How to Artificially Produce Spider Silk

Spider silk is composed of protein and is biodegradable. Spider silk is more resistant to high temperatures. It exhibits thermal stability below 200°C and starts to turn yellow at above 300°C. Spider silk is resistant to low temperatures, and it still remains at minus 40°C. Elasticity, it hardens only at lower temperatures. The advantages of this fiber are particularly significant in applications requiring low temperatures.

The most attractive part of spider silk is that it has excellent mechanical properties, namely high strength, high elasticity, high flexibility, and high breaking energy. The traction silk of the big belly spider, the frame silk and the outer egg silk have a ratio of breaking strength Silk fibroin is large, the elongation at break is 3~5 times that of silk fibroin, and the specific work at break is much larger than silk fibroin. Although the breaking strength of spider silk is not as good as steel wire and Kevlar used to make body armor, it breaks The elongation is 5-10 times that of steel wire.

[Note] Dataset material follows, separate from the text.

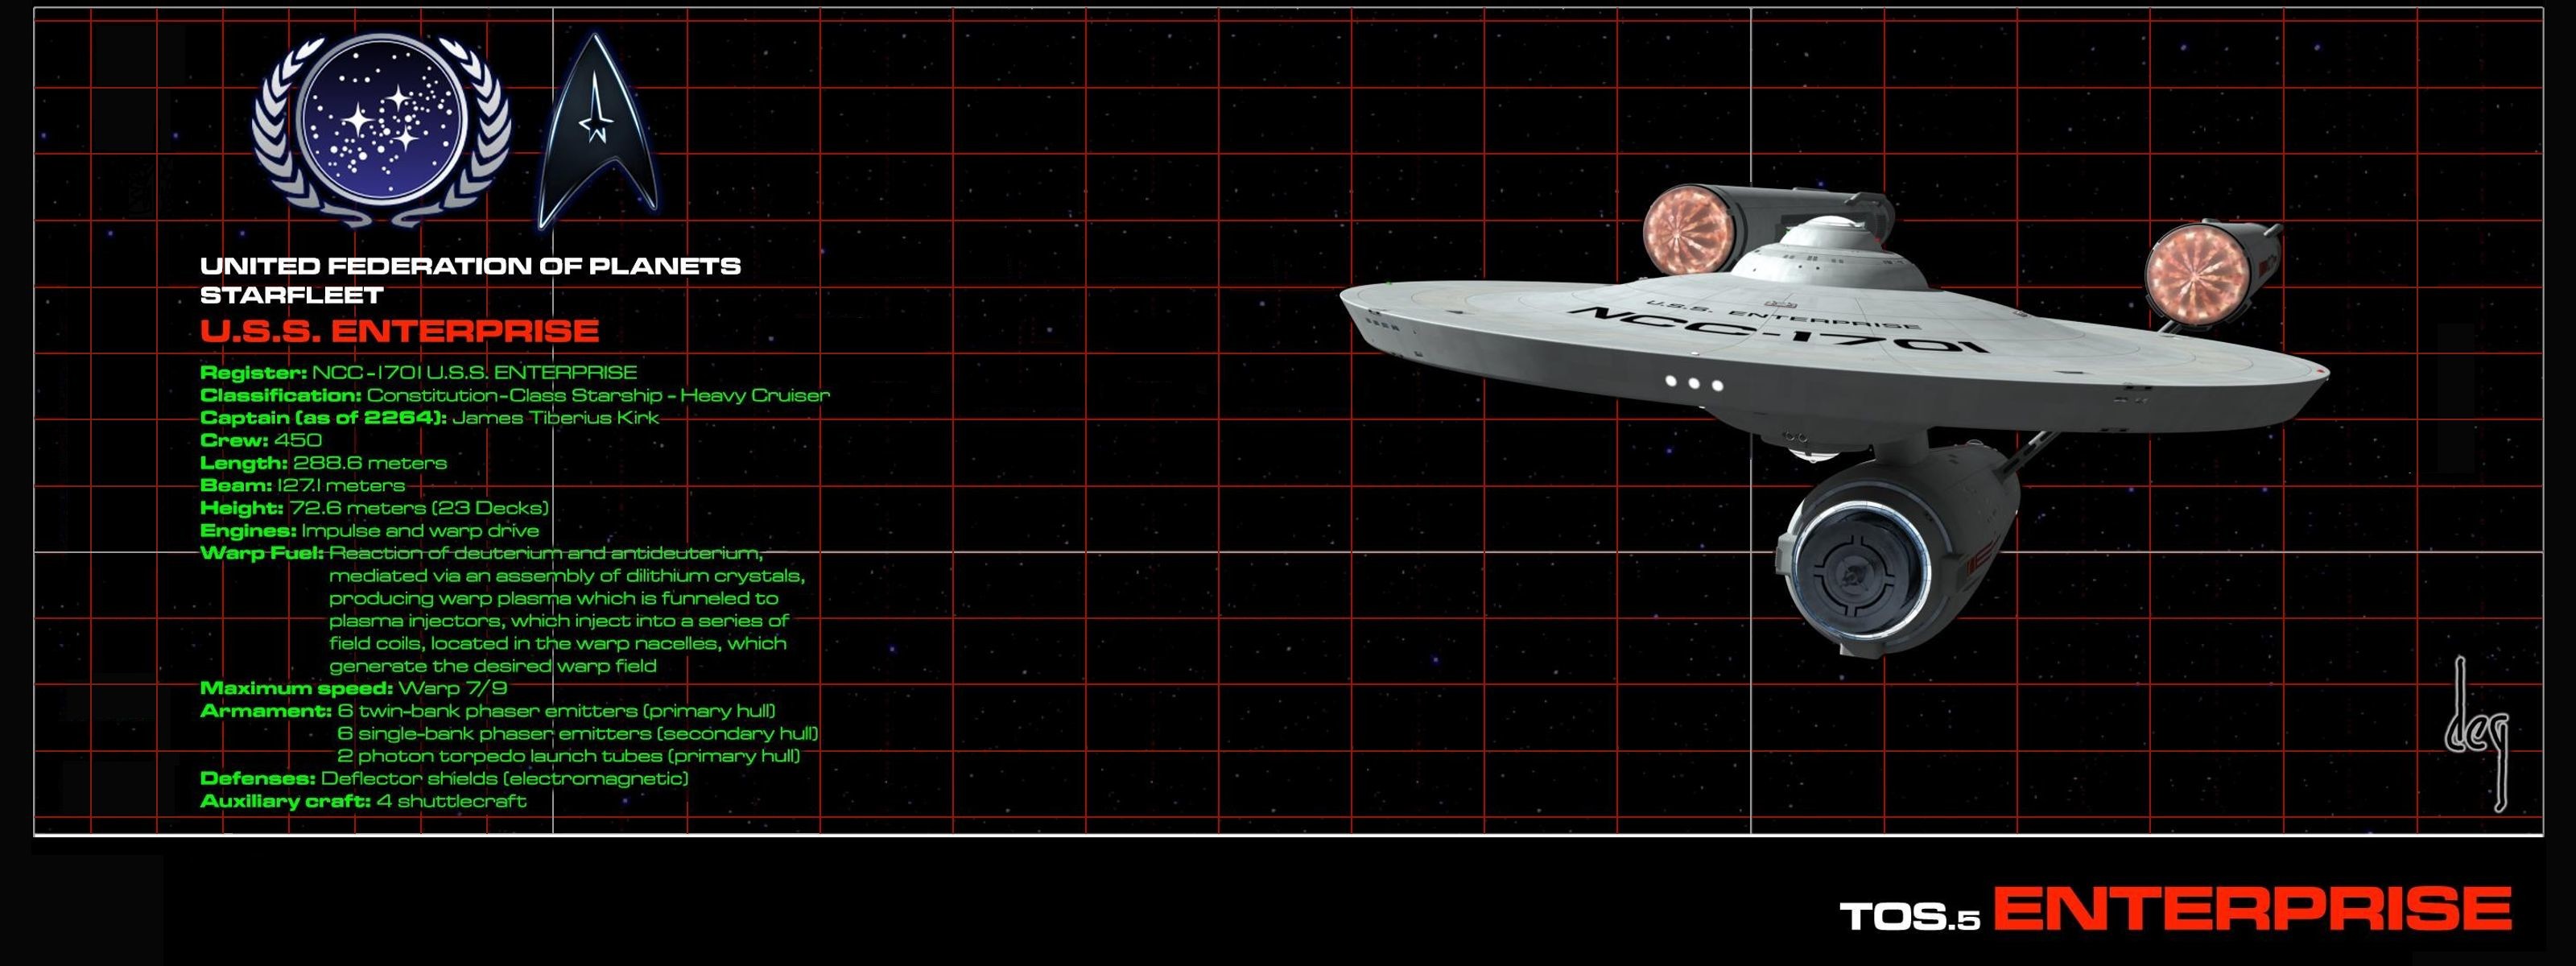 3200x1200 Sci Fi - Star Trek Wallpaper

Spider silk has broad application prospects. It can be used in textile and clothing; because its protein composition is compatible with the human body, it can be used in medicine and medical treatment; because of its protein fiber‘s high strength and high elasticity, it can be used in military bulletproof vests, parachutes, etc. Therefore, the study of spider silk is of great significance.

Spider silk can be described as the protein material with the most excellent comprehensive properties so far found, so it has become a hotspot for material scientists today. However, people have two biggest difficulties in using spider silk:

1. The spider webs made by spiders provide the raw material of spider silk fiber, and the quantity is limited.
2. Spiders cannot be domesticated. Spiders are carnivorous animals. When several spiders are put together, they often bite each other until each other dies, and use them as food, so it is difficult to raise spiders in large numbers to obtain silk.

So now people are trying to obtain a large amount of spider silk by artificially producing spider silk.

Microbial host method

Using microorganisms to express spider silk protein, the first attempt was to use E. coli and yeast as proxy hosts. LomBardi et al. first expressed the traction silk protein cDNA of the gold-spun spider in E. coli. DuPont of the United States is focusing on researching the technology of using bacteria as proxy hosts.

Animal host method

The method is to use genetic engineering to transfer the protein genes of spider silk to the mammary gland cells of goats or cows. Nexia Bioengineering Company in Montreal, Canada is using genetic modification technology to transfer the spider silk drag silk gene into goat mammary gland cells, thereby producing goat milk containing spider silk protein, and then extracting high-performance protein fibers from the milk. Canada’s Nike Biotechnology Company is conducting research in this area. People take into account the impact of goats on vegetation. In comparison, transgenic experiments on cattle have a brighter future. In fact, the milk production of a cow is much higher than the milk production of a goat.

Plant host method

The method is to insert plant genes into some plants such as potato and tobacco plants so that these plants can produce large amounts of silk protein in their tissues. Udo Conrad of the Catersleben Institute in Germany made artificial variants of the golden-yellow spherical spider silk protein gene and spliced ​​them into the genomes of several plants.They found that more than 2% of the total protein of some plants is composed of silk protein. Researchers estimate that the cost of producing silk in genetically modified plants is only 1/10 of that of bacterial genetic engineering.Unlike bacteria, silk genes in plants are not prone to recombination and loss.

Silkworm host method

The silkworm is used as the expression vector of spider silk gene. By solving a series of key technologies such as transgenic silkworm gene introduction, live gene identification, and passage breeding, some spider drag silks have been produced in the heavy chain of silkworm silk genes. It shows that there have been significant advances in gene directed introduction of the silkworm expression system, laying a foundation for the targeted introduction of spider silk genes into silkworm silk-producing genes.